Global warming is one of the most serious issues that the world is facing today.

What are the causes of global warming and what measures can governments and individuals take to tackle the issue?

Regarding environmental issues, global warming is one of the most debatable challenges that the world is encountering up to present. There are several causes for that issue while some measures can be taken to address the situation.

When it comes to this problem, deforestation is considered one of the major contributors which has exacerbated the situation. Since trees absorb the carbon dioxide from the air, a huge number of trees logged results in a large amount of carbon dioxide remaining in the atmosphere. To illustrate, the recorded carbon dioxide is constantly escalating when four million trees are cut down each year. Deforestation accounts for about 15 percent of global carbon emissions, more than the sum total of cars and trucks in the world. One of measures that could be implemented to tackle this issue is the government should impose stricter punishment for illegal logging and forest clearance. Apart from the officials, individuals should actively take part in afforestation community activities, which greatly contributes to the earth’s green atmosphere.

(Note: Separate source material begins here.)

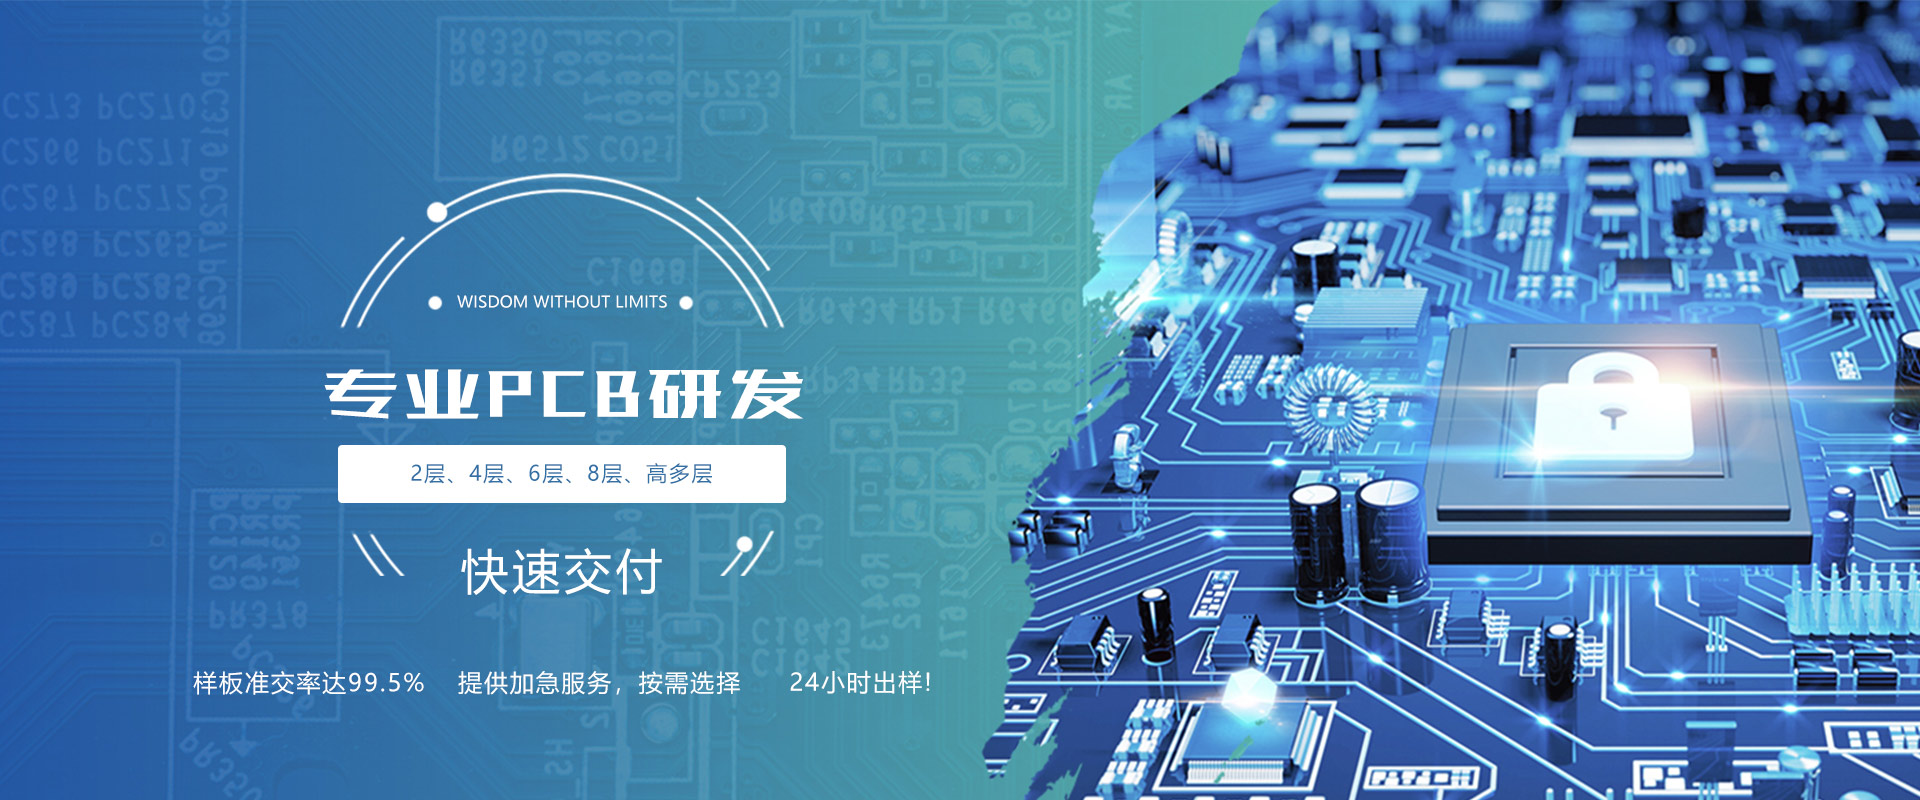 PCB电路板,PCB线路板,线路板厂家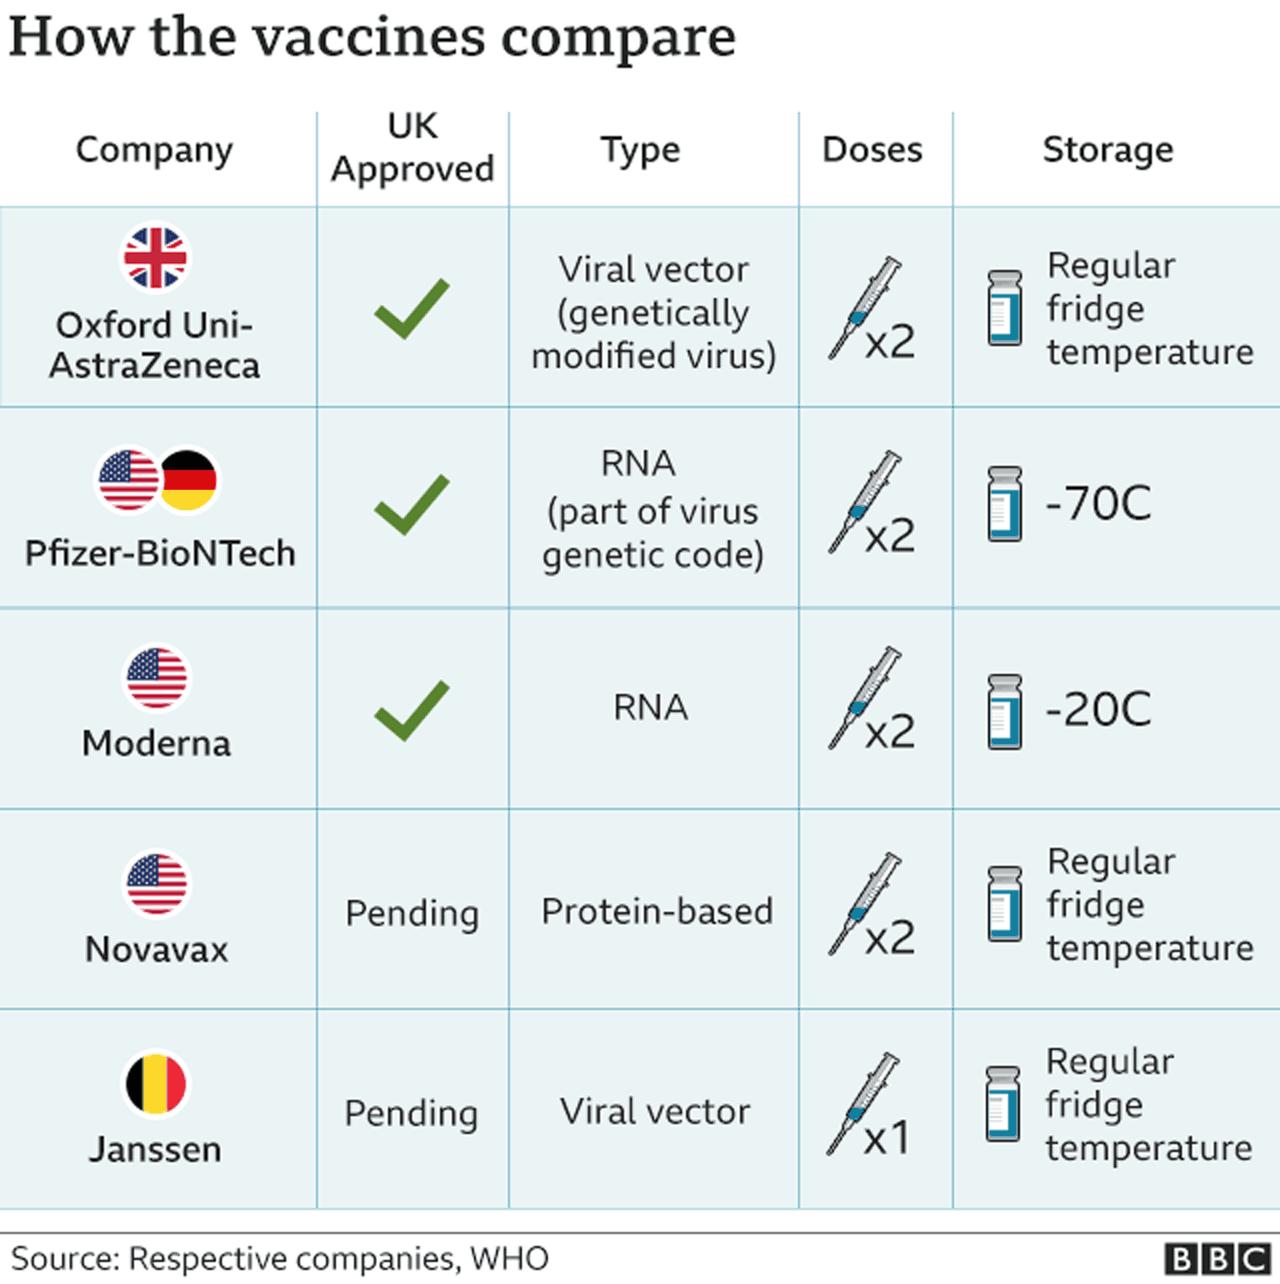 _116730964_vaccines_comparedincl_janssen_novavax_29_jan_640_2x-nc.png

Another cause is that air conditioners are increasingly exploited for cooling demand worldwide. In more detail, the more powerful planet-warming gases from the machines are discharged outside, the more global temperatures are rising. Especially, there is an upward trend in selecting air conditioners for making spaces cooler in some areas such as the United States, the Middle East and Asia. To mitigate this issue, the governments should promulgate education about the negative environmental impacts of air conditioners for people, particularly for each family. Inhabitants would tend to limit their usage if they were knowledgeable about the great damage to their own environment. As individuals, it would be better if residents planted more trees in the garden to create shadows and used alternative appliances such as evaporative coolers.

In conclusion, deforestation and air conditioner overuse are two culprits behind global warming. If the solutions mentioned above are worked out effectively, the severe threat can be alleviated and the earth can be saved.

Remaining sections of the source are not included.